Di Vincenzo Olivia, D'Elia Lanfranco, Ballarin Giada, Pasanisi Fabrizio, Scalfi Luca
Department of Public Health, School of Medicine, Federico II University, Via Sergio Pansini 5, 80131, Naples, Italy.
Department of Clinical Medicine and Surgery School of Medicine, Federico II University, Via Sergio Pansini 5, 80131, Naples, Italy.
Nutr Metab Cardiovasc Dis. 2023 Aug;33(8):1501-1510. doi: 10.1016/j.numecd.2023.05.012. Epub 2023 May 12.
The Controlling Nutritional Status (CONUT) score is a tool for assessing the risk of malnutrition (undernutrition) that can be calculated from albumin concentration, total peripheral lymphocyte count, and total cholesterol concentration. CONUT score has been proposed as a promising prognostic marker in several clinical settings; however, a consensus on its prognostic value in patients with stroke is lacking.
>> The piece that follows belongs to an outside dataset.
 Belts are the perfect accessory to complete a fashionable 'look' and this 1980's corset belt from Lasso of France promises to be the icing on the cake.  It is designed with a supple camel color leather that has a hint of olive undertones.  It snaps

The aim of this systematic review and meta-analysis was to evaluate the relationship between CONUT score and clinical outcomes in patients with stroke based on all current available studies.
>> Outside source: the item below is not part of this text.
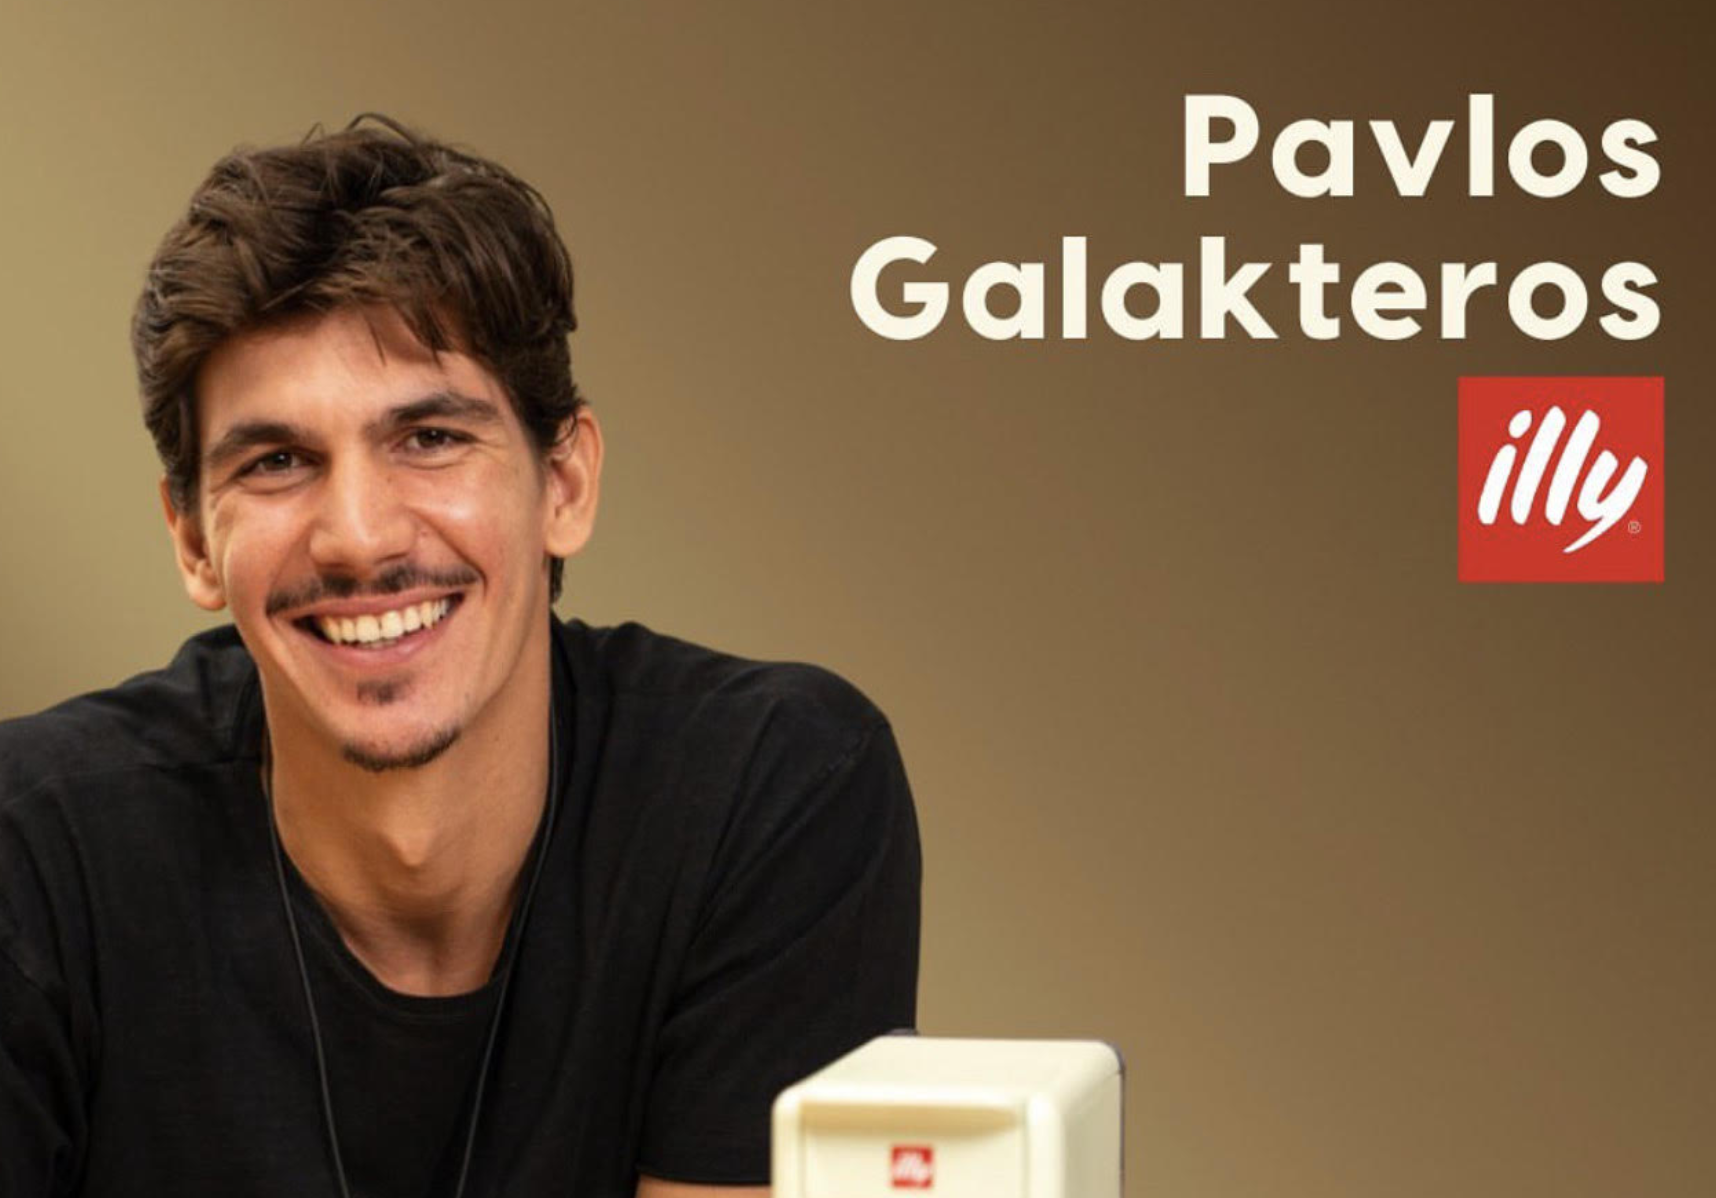 Pavlos Galakteros and Illy Greece: Make a Double Freddo Espresso at Home

Systematic research on PubMed, Scopus and Web of Science from inception to February 2023 was performed on the association between CONUT score and clinical outcomes in patients with stroke. The Preferred Reporting Items for Systematic Reviews and Meta-Analyses were followed. Methodological quality was evaluated using the Newcastle-Ottawa Scale quality assessment tool. Pooled effect estimation was calculated by a random-effect model. Through the initial literature search, 15 studies (all high-quality) including 16 929 patients were found to be eligible and analysed in the meta-analysis. A significant risk of malnutrition (in most studies defined by a CONUT score ≥5) was directly associated with mortality, higher risk of poor functional outcome according to the modified Rankin Scale and total infection development. Evidence was consistent for acute ischaemic stroke and preliminary for acute haemorrhagic stroke.
CONUT score is an independent prognostic indicator, and it is associated with major disability and infection development during hospitalisation.
CRD42022306560.
控制营养状况(CONUT)评分是一种用于评估营养不良(营养不足)风险的工具,可根据白蛋白浓度、外周血淋巴细胞总数和总胆固醇浓度计算得出。CONUT评分已被提议作为几种临床环境中有前景的预后标志物;然而,对于其在中风患者中的预后价值尚无共识。本系统评价和荟萃分析的目的是基于所有现有研究评估CONUT评分与中风患者临床结局之间的关系。
对PubMed、Scopus和Web of Science从创刊至2023年2月进行了关于CONUT评分与中风患者临床结局之间关联的系统研究。遵循系统评价和荟萃分析的首选报告项目。使用纽卡斯尔-渥太华量表质量评估工具评估方法学质量。采用随机效应模型计算合并效应估计值。通过初步文献检索,发现15项研究(均为高质量),包括16929例患者符合纳入标准并进行荟萃分析。营养不良的显著风险(在大多数研究中定义为CONUT评分≥5)与死亡率、根据改良Rankin量表得出的功能结局不良风险增加以及总感染发生率直接相关。证据在急性缺血性中风中是一致的,在急性出血性中风中是初步的。
CONUT评分是一个独立的预后指标,并且与住院期间的严重残疾和感染发生相关。
PROSPERO注册号:CRD42022306560。